La bataille à trois pour l’organisation de la Fête fédérale de lutte 2031 monte en intensité. Jusqu’à fin avril, les différents candidats devaient répondre aux questions du groupe d’experts de la fédération. Jusqu’ici, le dossier genevois apparaissait comme le moins abouti. Cette candidature spectaculaire avait été révélée par Blick en février.
L’ambition est claire: organiser la fête au cœur de la deuxième ville du pays. Restait à en préciser le lieu exact — c’est désormais chose faite. La cheffe de projet Isabelle Emmenegger confirme: «L’arène doit être construite sur la Plaine de Plainpalais.»
Un site central, à l’image du cirque Knie
Cet espace en forme de losange, long de 640 mètres et large de 200 mètres, était autrefois une île au milieu de zones marécageuses. Aménagé en 1662, il est aujourd’hui un véritable poumon urbain. Plusieurs fois par semaine, il accueille marchés aux puces et marchés alimentaires.
La plaine sert aussi régulièrement de cadre à de grands événements. Le Cirque Knie y installe par exemple son chapiteau à la fin de l’été. Selon Isabelle Emmenegger, l’ESAF pourrait s’y tenir cinq ans plus tard: «Ce serait une fête des courtes distances. Le site est facilement accessible en bus, en tram ou à pied.»
Deux candidatures ancrées dans la nature
Un combat royal en plein centre-ville, à deux kilomètres à peine du célèbre Jet d’eau du Léman: la proposition genevoise tranche radicalement avec ses concurrentes. Les cantons du Valais et de Neuchâtel misent, eux, sur des cadres plus traditionnels.

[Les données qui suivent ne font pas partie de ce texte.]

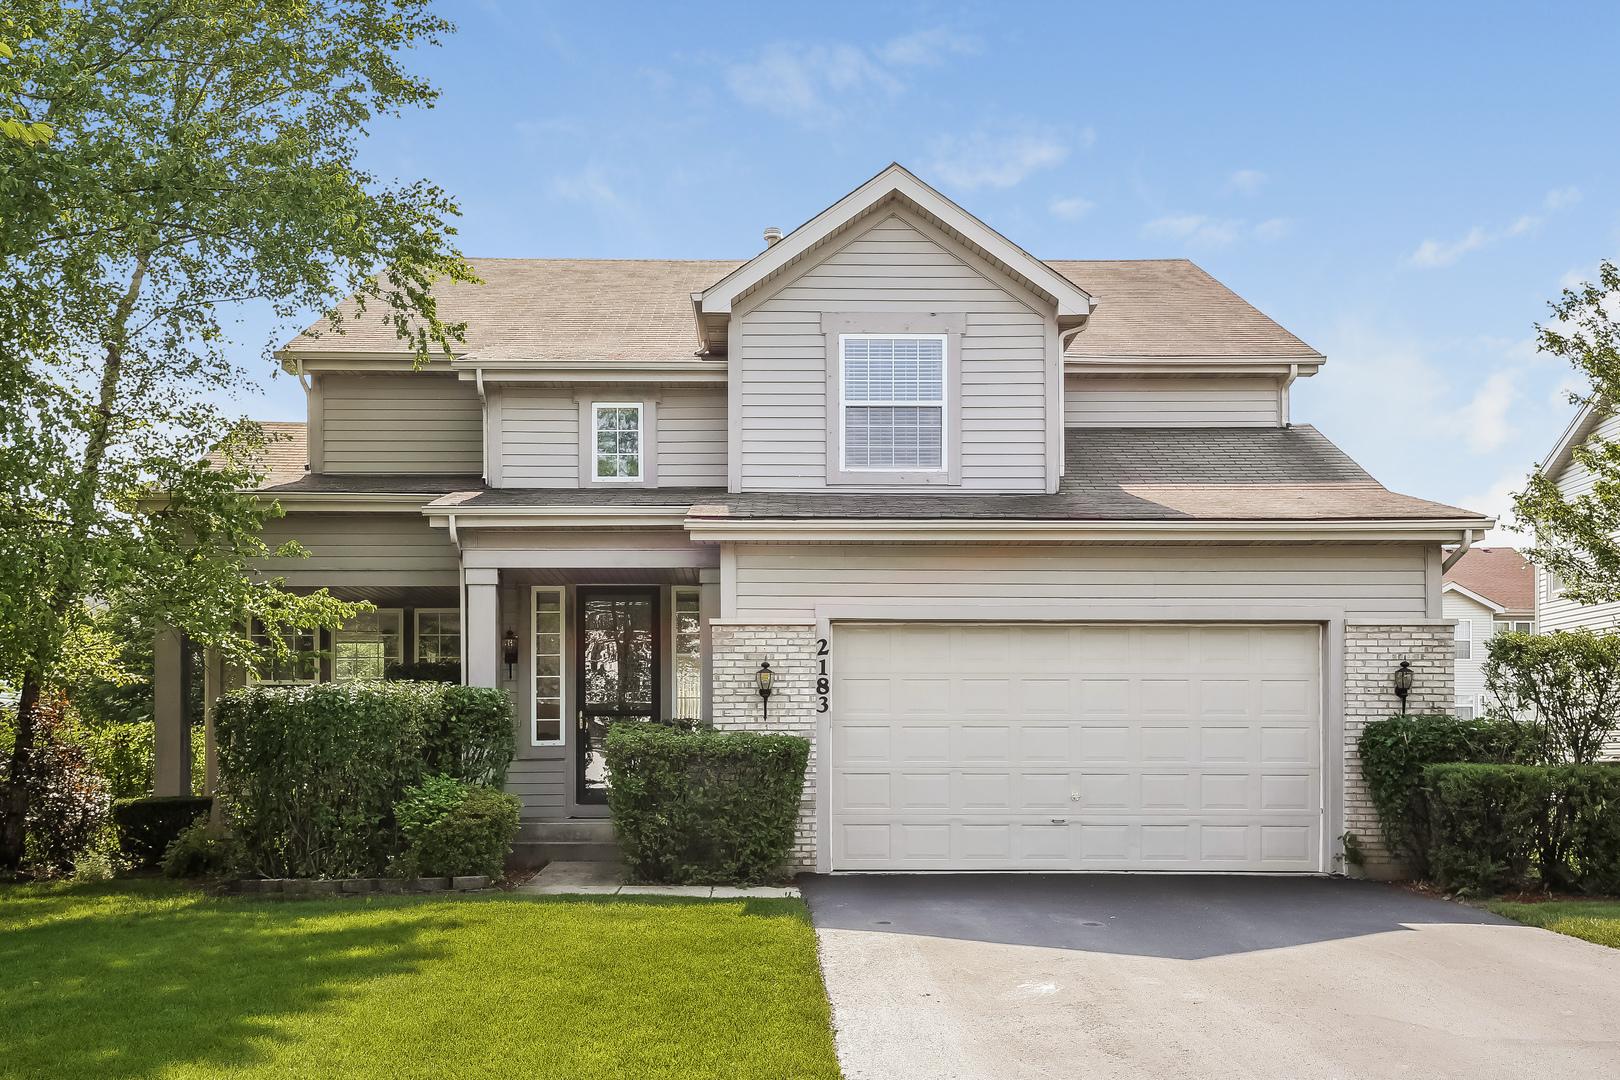 2183 Avalon Drive, Buffalo Grove, Illinois 60089

Le projet valaisan s’inspire de l’édition de Mollis et repose sur une formule éprouvée. L’arène serait construite sur l’aérodrome entre Rarogne et Viège. Neuchâtel privilégie également un décor naturel, avec une implantation prévue à Colombier, entre vignobles et rives du lac.
Une décision attendue en 2027
À Genève, non seulement le site est désormais fixé, mais la capacité de l’arène aussi. Un stade en bois suisse de 47’000 places est envisagé — soit environ 10’000 de moins que lors de la dernière édition à Mollis, qui avait accueilli 56’500 spectateurs.
Le projet genevois se distingue aussi par sa sobriété: aucune infrastructure supplémentaire majeure ne serait construite, les organisateurs comptant sur les installations existantes. Objectif affiché: réduire les coûts.
Cette approche doit notamment permettre de proposer des billets plus abordables, incluant le transport en train. La décision finale reviendra à l’Assemblée des délégués en mars 2027, qui tranchera sur l’attribution de cette édition 2031 — potentiellement une première historique pour Genève.